See ‘Materials and methods’ for details.
Figure 3Startle reflex potentiation and self-reported negative affect during stimulation of the BVF and SVF. Negative affect values indicate more negative affect. Responses during pairing runs are subtracted with responses during habituation runs. Error bars represent standard errors of the mean. The asterisk indicates a significant difference between stimulation of the SVF and the BVF.

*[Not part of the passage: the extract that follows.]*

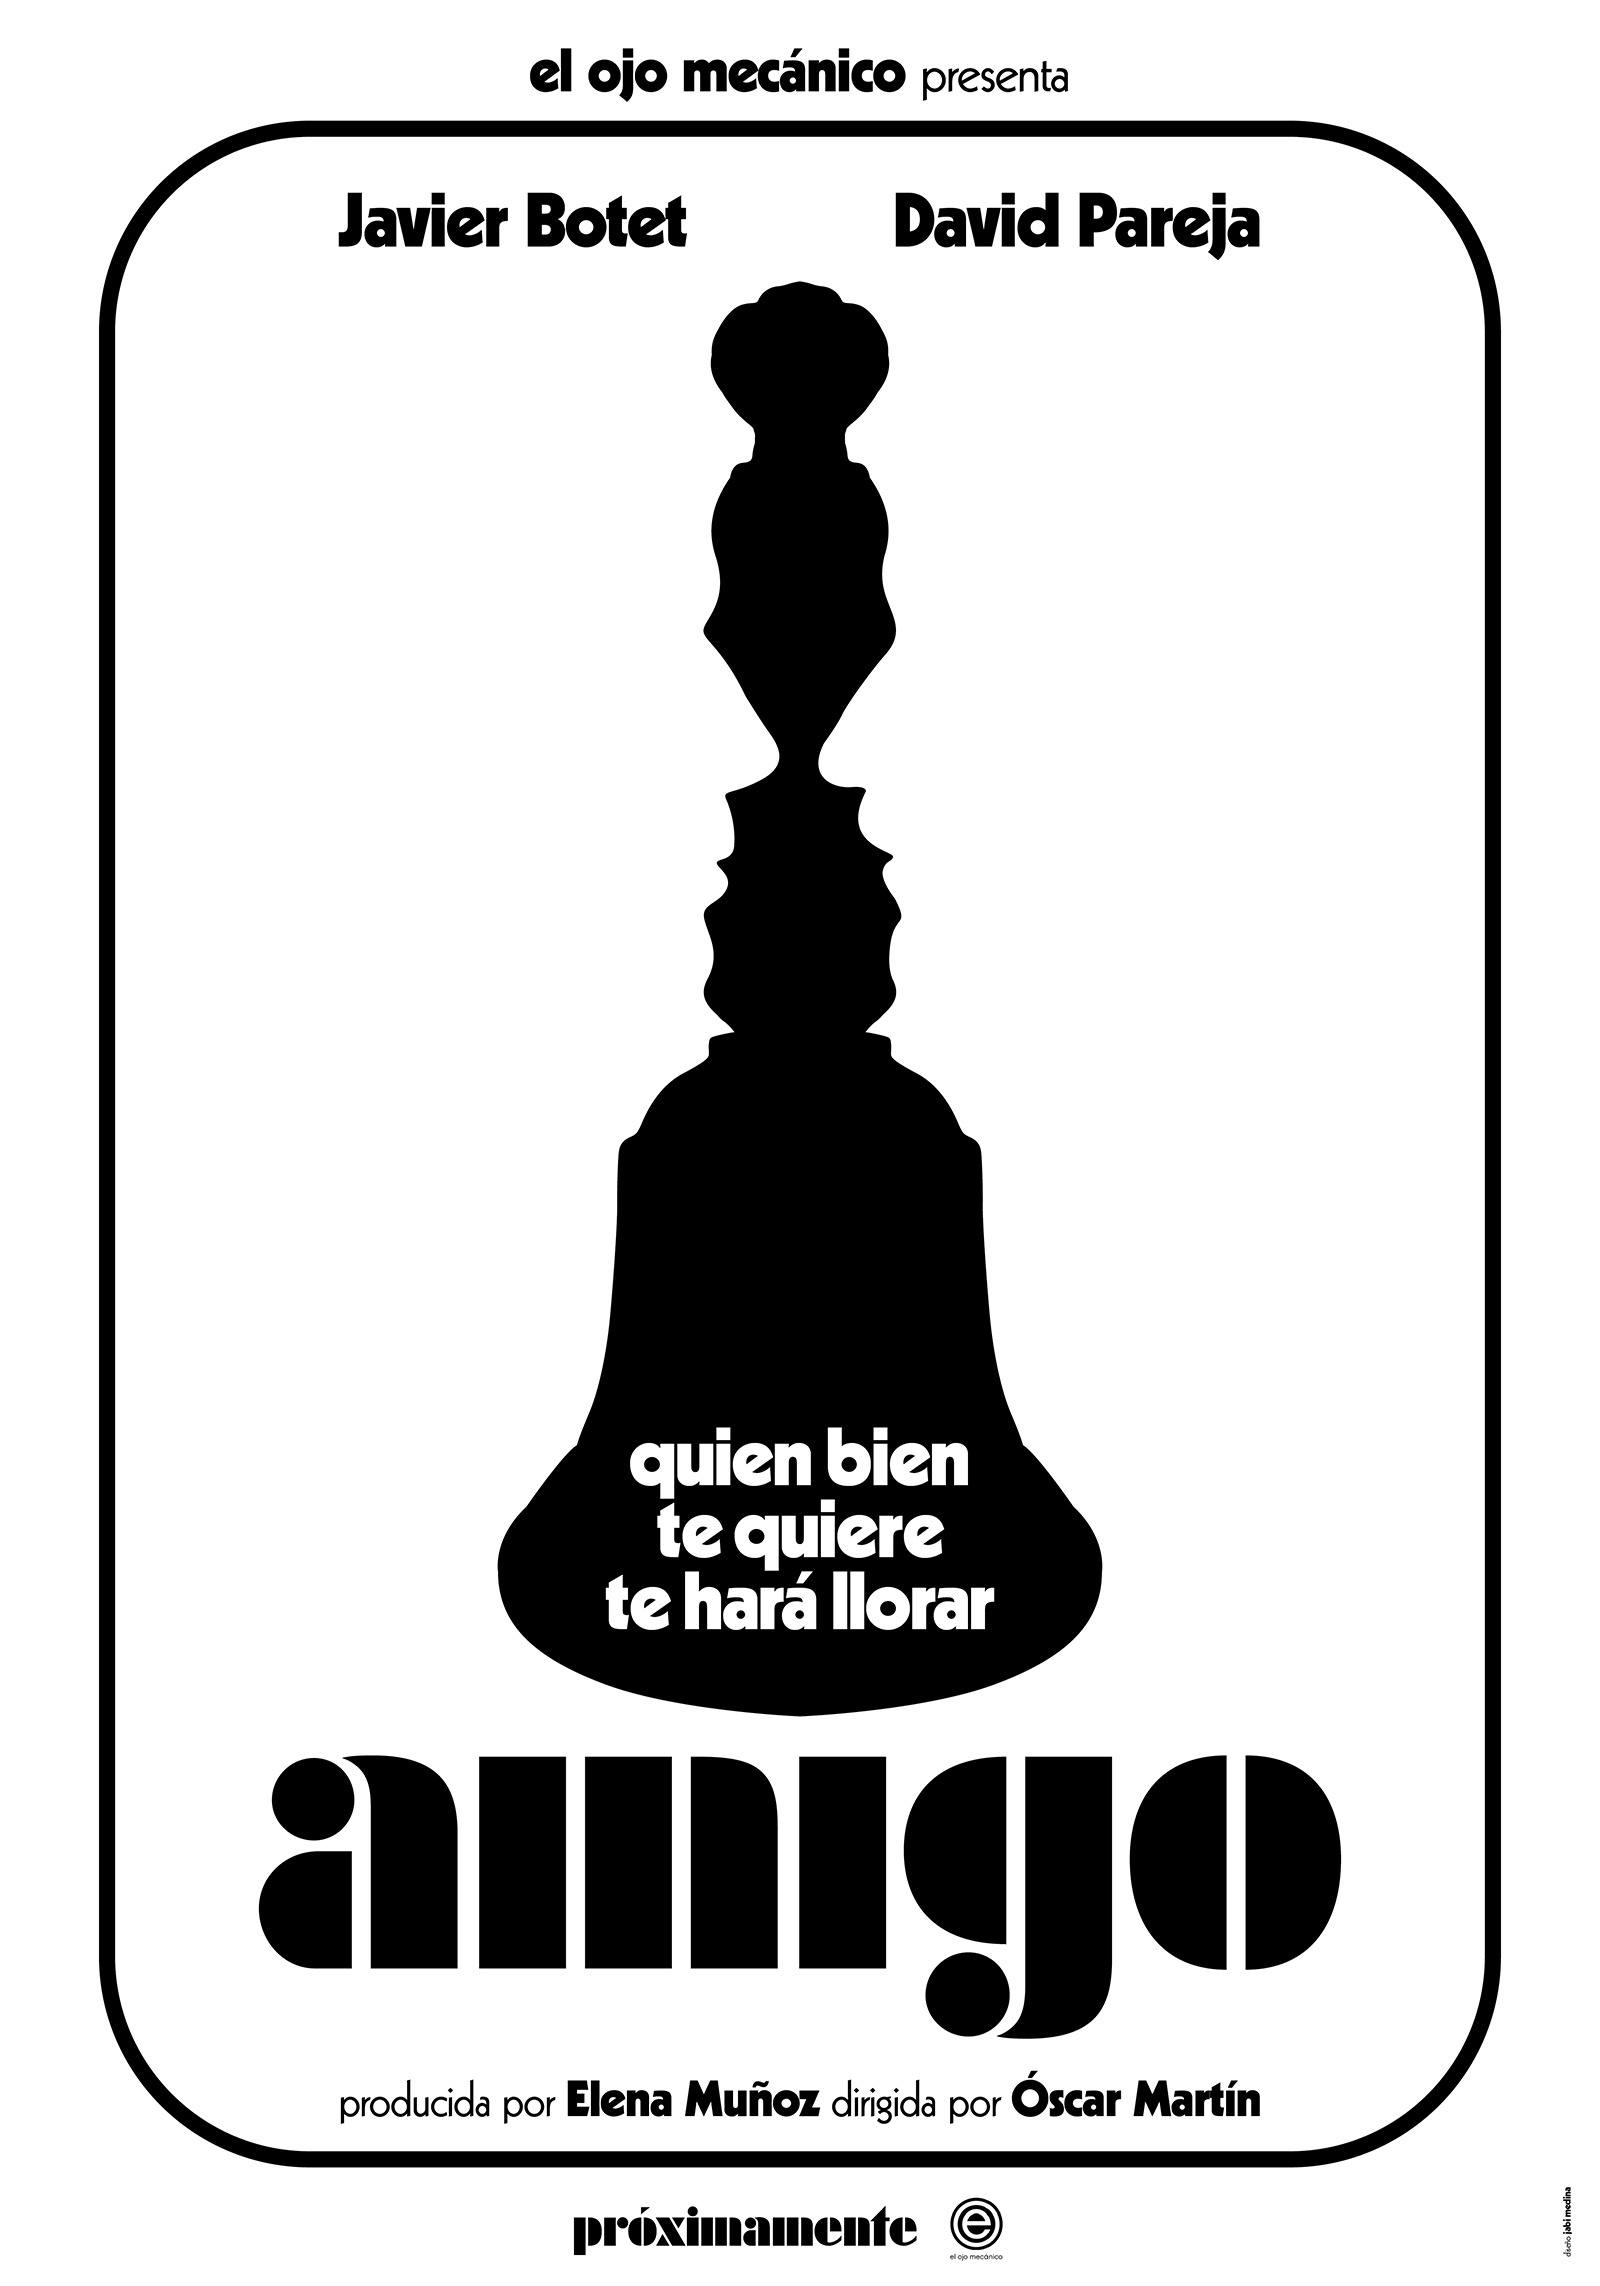 Mega Sized Movie Poster Image for Amigo (#1 of 5)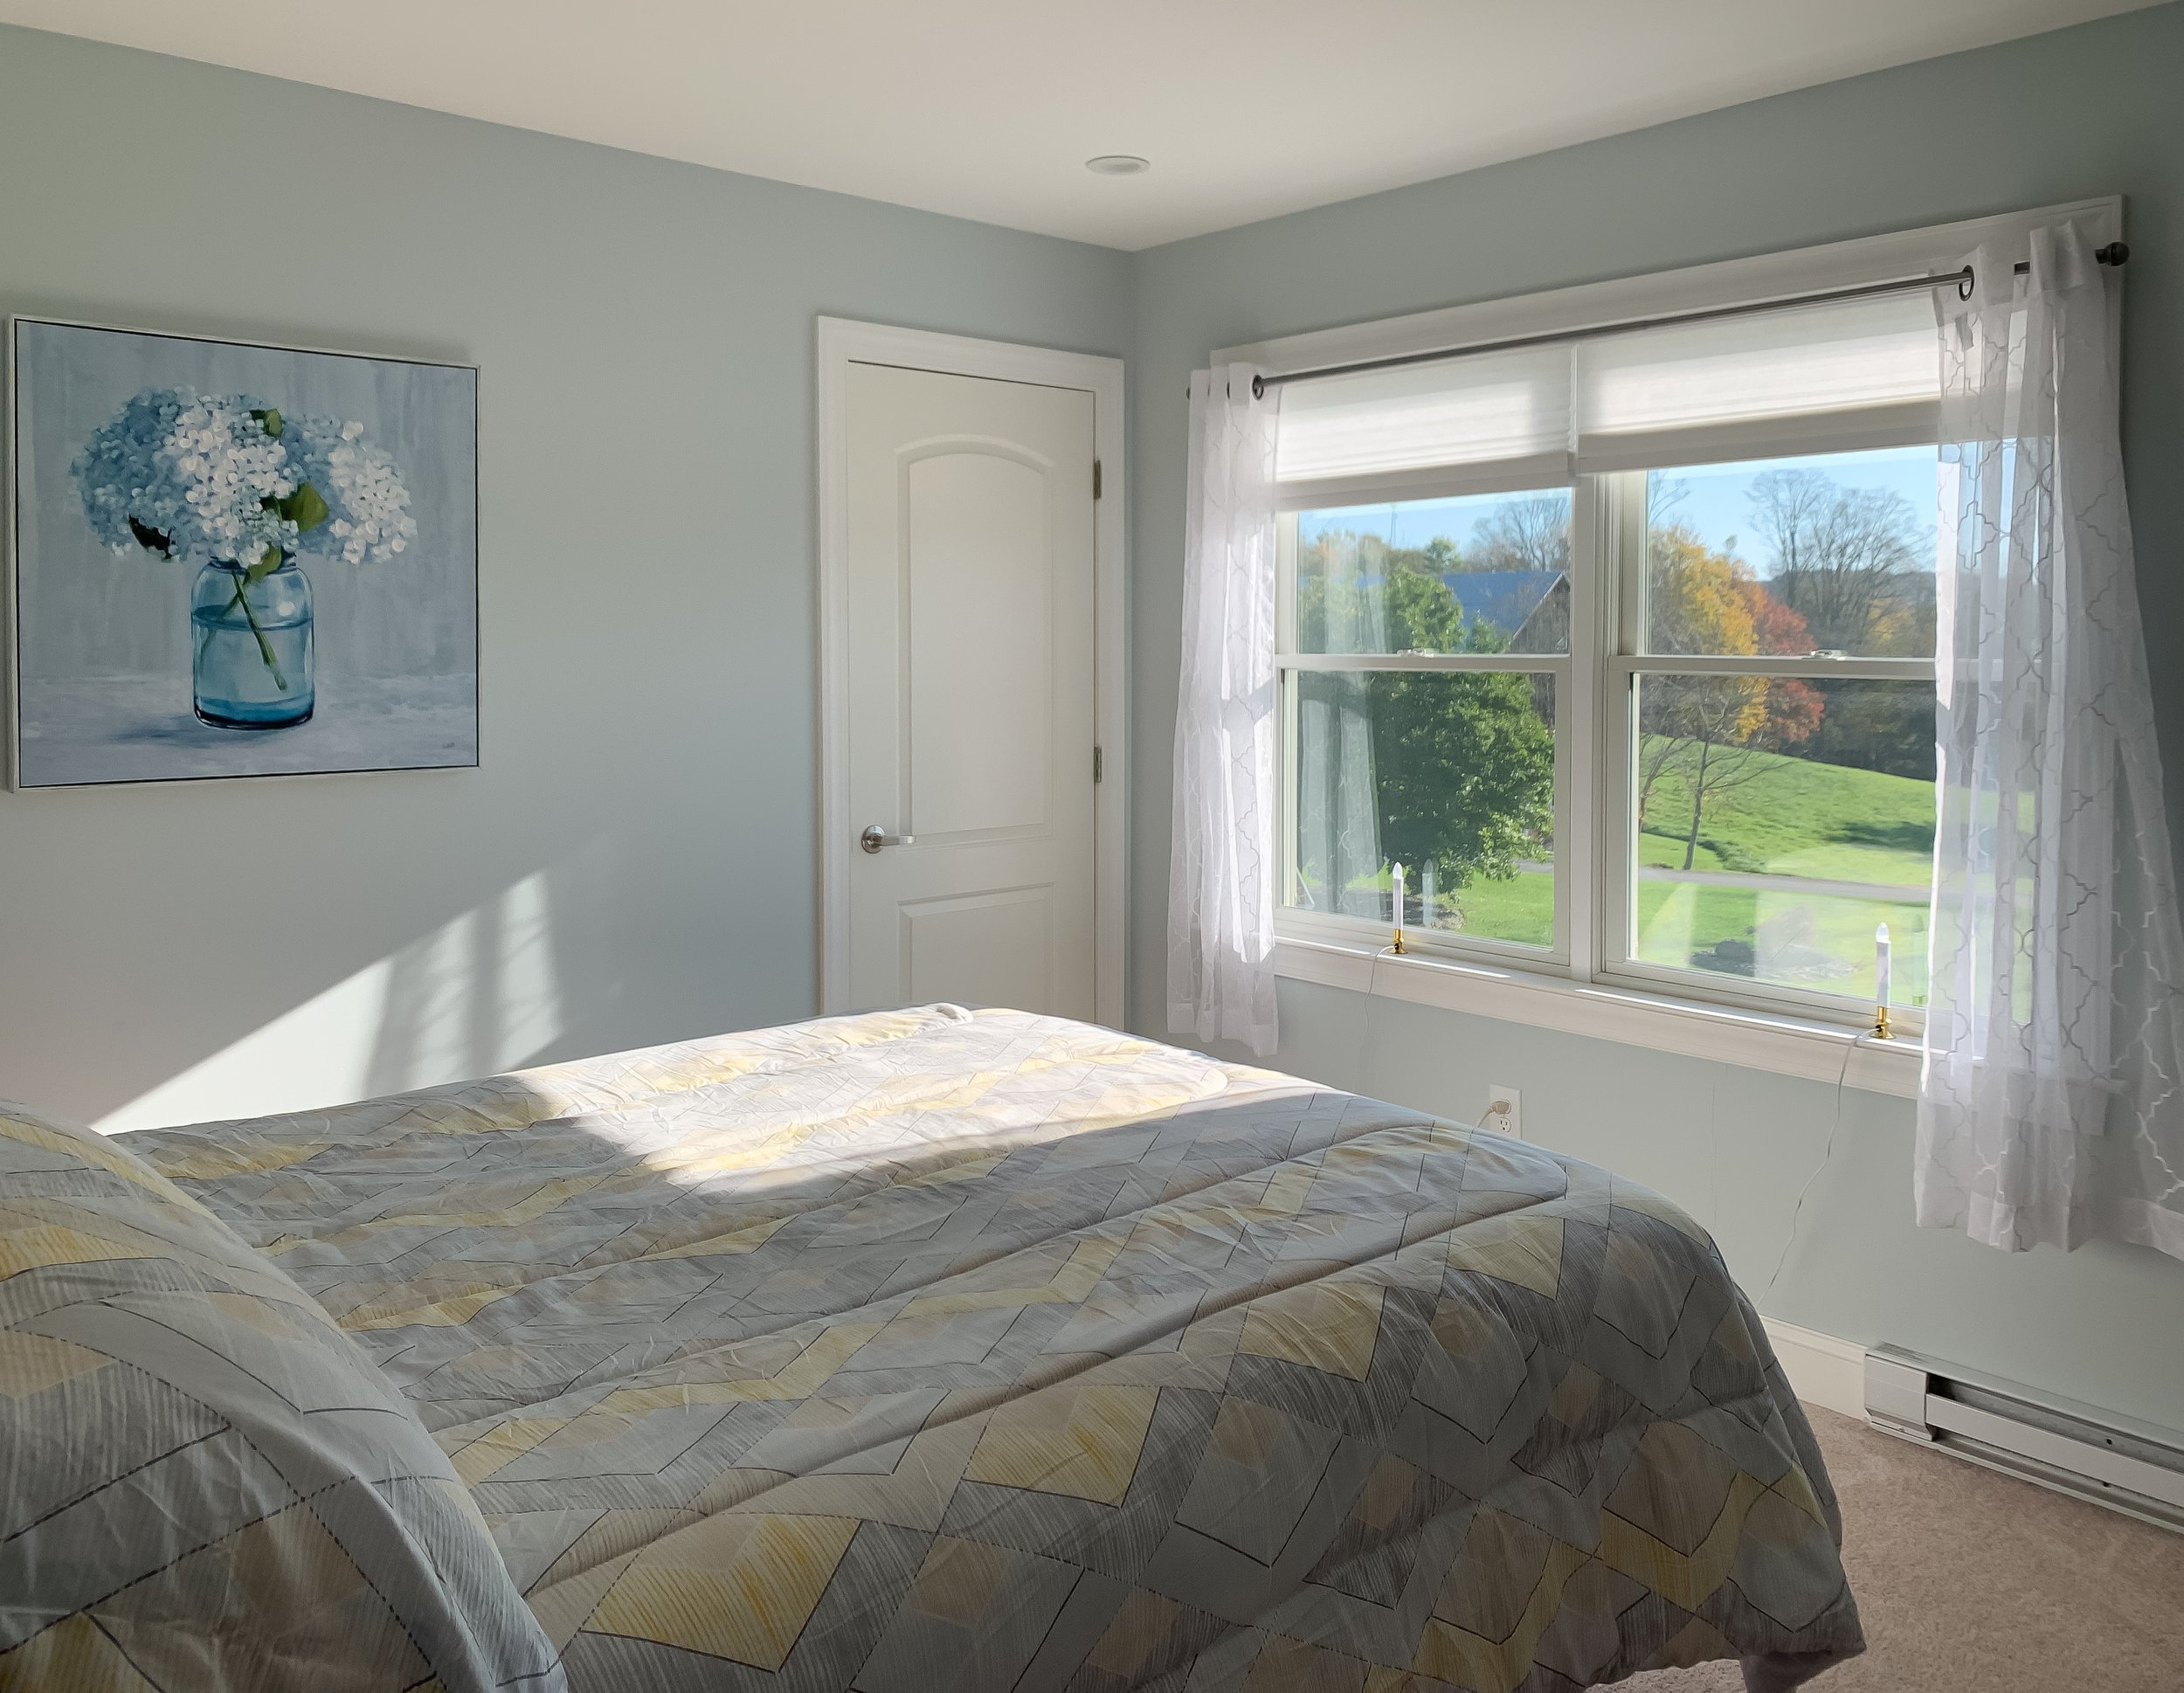 Guest bedroom in modular lakehouse NEPA.JPEG

Figure 4(A) Random effects statistical parametric map (SPM) showing a significantly stronger increase of BOLD activity during stimulation of the SVF than during stimulation of the BVF in the left VLPFC. The SPM is thresholded at a voxel-wise probability of false positives of P = 0.0001 and an extent threshold of five contiguous voxels (corresponding to P < 0.05 corrected for multiple comparison across the whole volume), and shown as surface projection and superimposed on coronal and axial sections of a standard brain (left is left). (B) Bar charts showing VLPFC and affect-related somatosensory activity during stimulation of the SVF and BVF. All responses during pairing runs are subtracted with responses during habituation runs. Affect-related somatosensory activity was extracted from the most significantly activated voxel in a region that showed significant pairing-induced activity during blind field stimulation (indicated by the red circle in A, MNI coordinates x = –42, y = –42, z = 45; Anders et al., 2004). Error bars represent standard errors of the mean.
Figure 5(A) Relation between subcortically triggered startle potentiation and VLPFC activity during stimulation of the BVF (r = 0.84, P = 0.04) and SVF (r = 0.90, P = 0.02). (B) Relation between VLPFC activity and affect-related somatosensory activity (r = –0.54, P = 0.08). All responses during pairing are subtracted with responses during habituation runs.
Figure 6A model incorporating the observed relations between affective somatic changes (startle reflex potentiation), VLPFC activity, and affect-related somatosensory activity in SII during stimulation of the BVF and SVF. During stimulation of the BVF, affect-related somatic responses are associated with an increase of activity in SII and reports of negative affective experience (left). During stimulation of the SVF, additional stimulus information resulting from in-depth cortical processing is available, and VLPFC sensitivity to somatic responses increases. Increased VLPFC activity, in turn, attenuates somatosensory-related activity. We suggest that this reduction of affect-related somatosensory activity leads to a decoupling of somatic changes and experienced affect and a reduction of negative phenomenal experience (right).